Sistem belajar bak air, di isi kadang sampai meluber atau belum penuh kadang
sudah diambil untuk mengisi bak-bak air yang lain.
Belajar dapat dilakukan dimana
saja berada dan dimanapun berada pasti ada guru untuk belajar. Mungkin nasib
guru hampir mirip dengan istilah ustadz ketika keduanya sedang terjebak dalam
lingkungan profesi. Maka sebenarnya istilah jeruk makan jeruk dalam dunia
pendidikan dan belajar itu bagi saya tidak ada. Dengan syarat mau berpikir lebih
luas dan jangan sekali-kali merendahkan orang lain.

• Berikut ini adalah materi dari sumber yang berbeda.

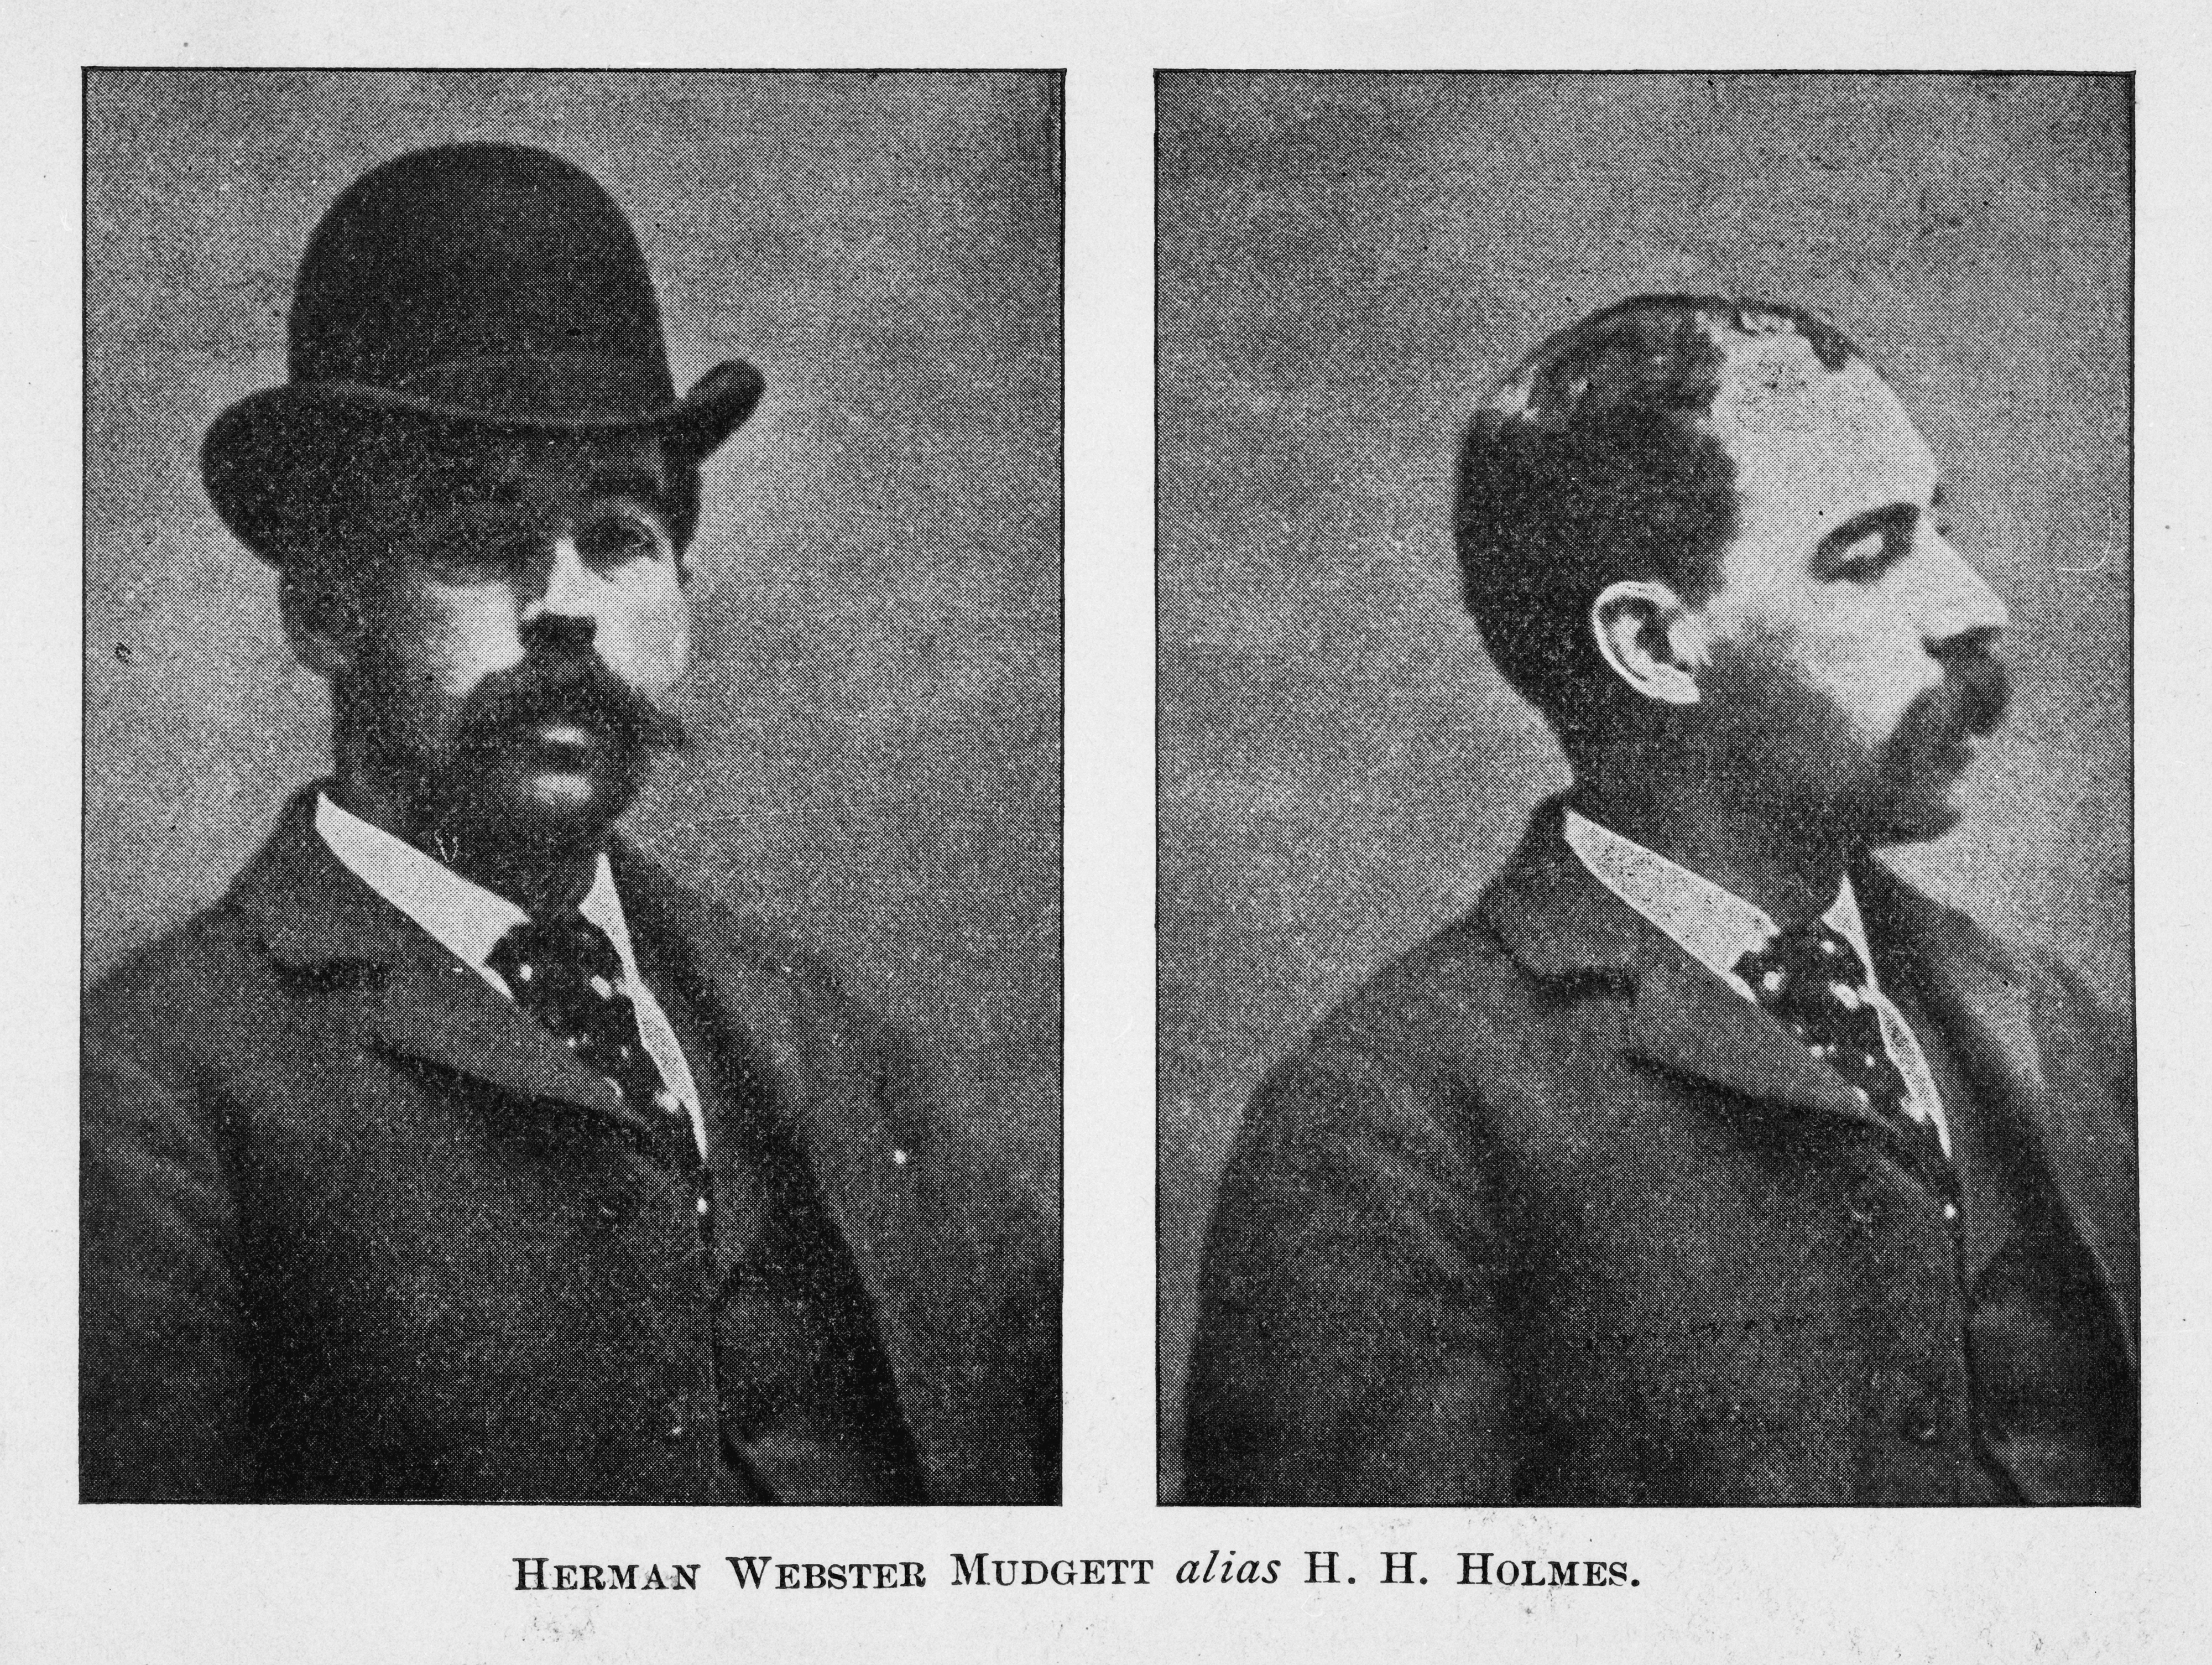 Two portraits (one a profile) of American pharmacist and convicted serial killer Herman Webster Mudgett (better known by his alias H.H. Holmes, 1861 - 1896)
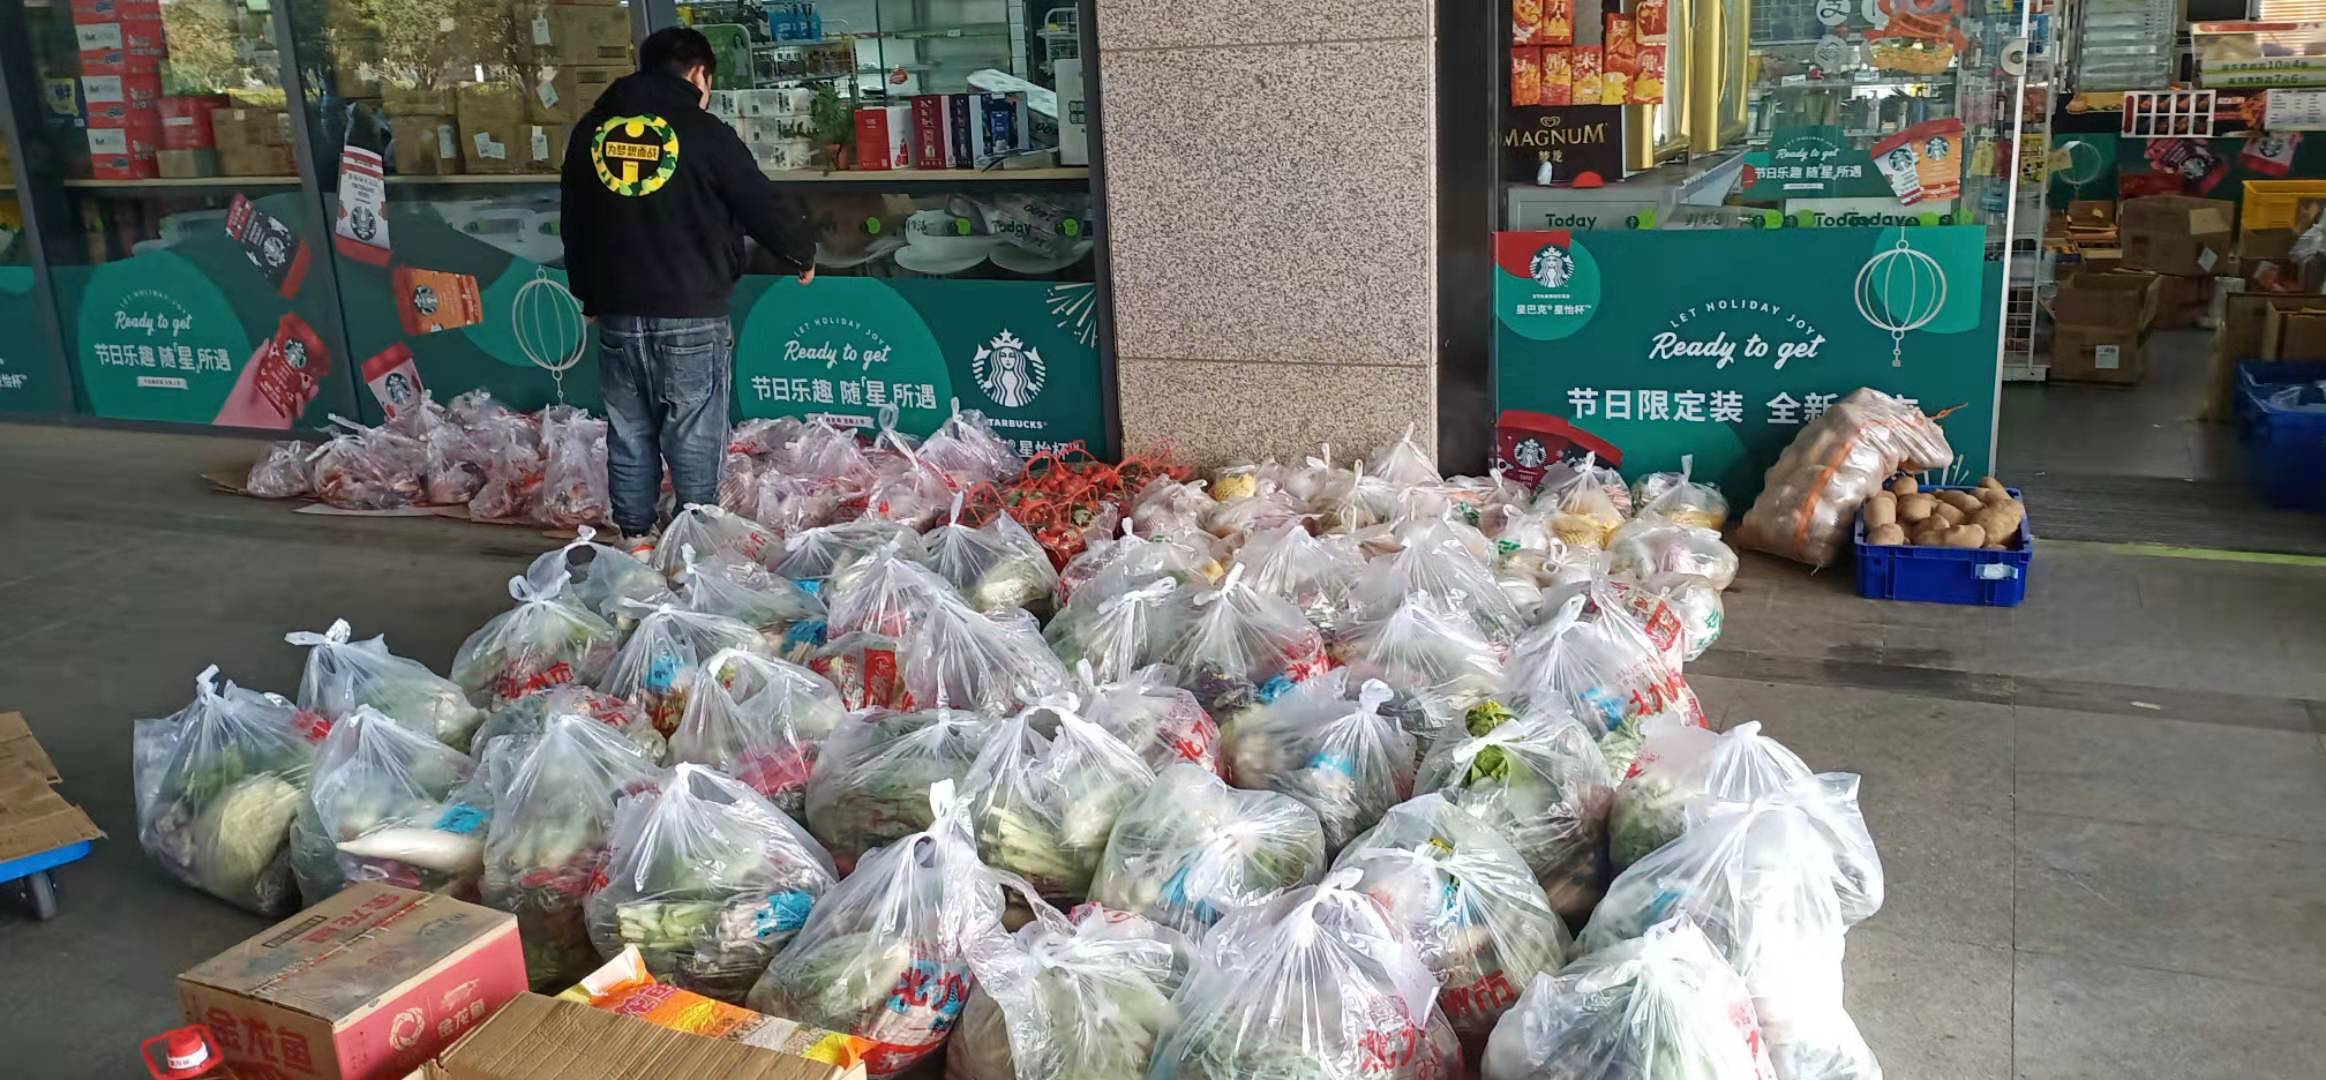 JD’s community group buying business, Friends Shop, has been delivering fresh meat, fruits, and vegetables to the people of Wuhan
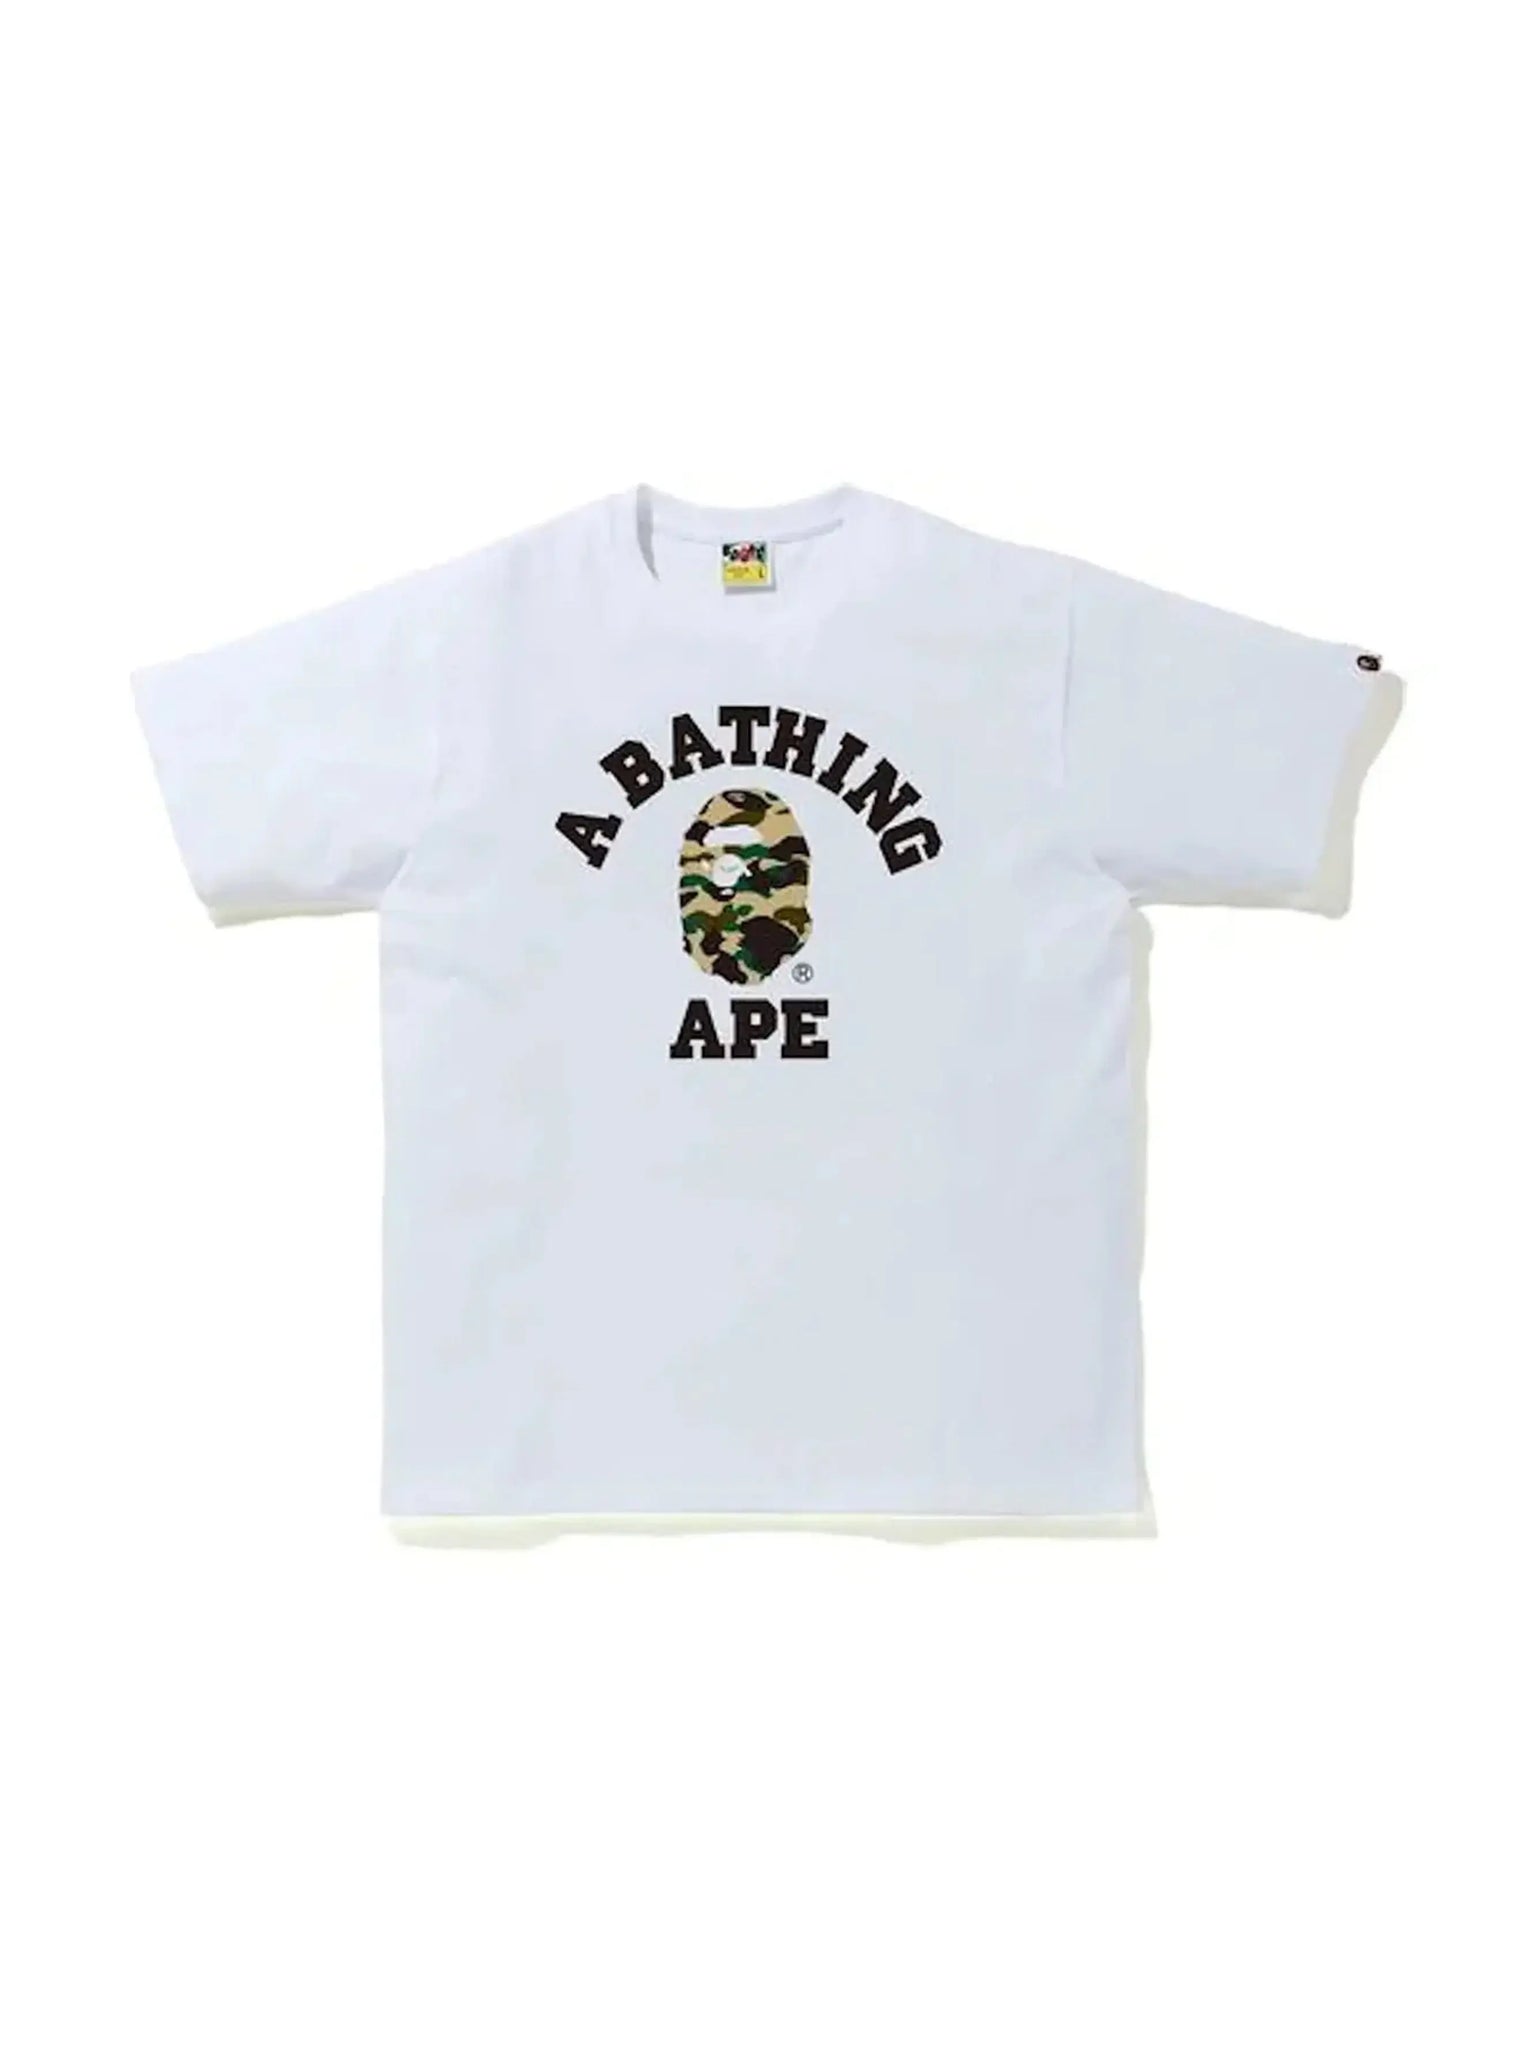 BAPE 1st Camo College T-Shirt White/Yellow in Auckland, New Zealand - Shop name

Kalau ada yang mencoba mengatakan
ya guru itu pastilah mempunyai title
tertentu dan lulusan akademi tertentu agar memiliki standar. Ya tidak
sepenuhnya benar karena akademi adalah belajar yang dilembagakan. Lagi-lagi ini
menjadi efek sebuah perkembangan zaman. Sampai ada sebutan perguruan tinggi
tetapi kadang didalamnya tidak mencerminkan kata guru sama sekali. Akhirnya diubahlah
menjadi universitas tetapi juga tidak universal sama sekali pengetahuanya malah
lebih cocok ekslusifitas.
Lembaga-lembaga menjadi perjuangan mati-matian
untuk mengejar sebuah gelar lulusan ini dan itu. Padahal kalau kita mau
berpikir mendalam maka kita akan sedikit tergelitik. Misalnya seorang sarjana
yang dikukuhkan oleh seorang guru besar, tetapi sarjana pertama siapa yang mengkukuhkan
gelarnya? Bagaimana dengan profesor atau guru besar pertama? Ya title, pangkat,
dan jabatan pada mulanya hanyalah asumsi karena dunia ini membutuhkan strata
tingkatan-tingkatan komando atas nama keahlian. Dan tingkatan strata di dunia
ini tidak ada apa-apanya dibandingkan strata yang telah ditetapkan dan diakui
Allah yaitu berdasar keimanan dan akhlaqnya.
Memang kalau berbicara di
lingkungan lembaga masalah title itu
benar tetapi ketika berbicara lingkungan umat maka semua bisa dijadikan sumber
belajar. Di dalam lembaga itu bisa jadi ada yang hanya sekedar kurir ilmu belum
menjadi guru yang sebenarnya. Rasulullah diriwayatkan dalam sebuah hadist berkata
kepada sahabat, “kalau urusan agama kamu harus bertanya kepadaku, tetapi kalau
urusan dunia kamu lebih tahu dari aku.” Rasul yang bisa kita sebut sebagai guru
umat manusia saja memberikan tauladan untuk rendah hati serta menjadi guru yang
suka mendengar. Shollu ala Muhammad.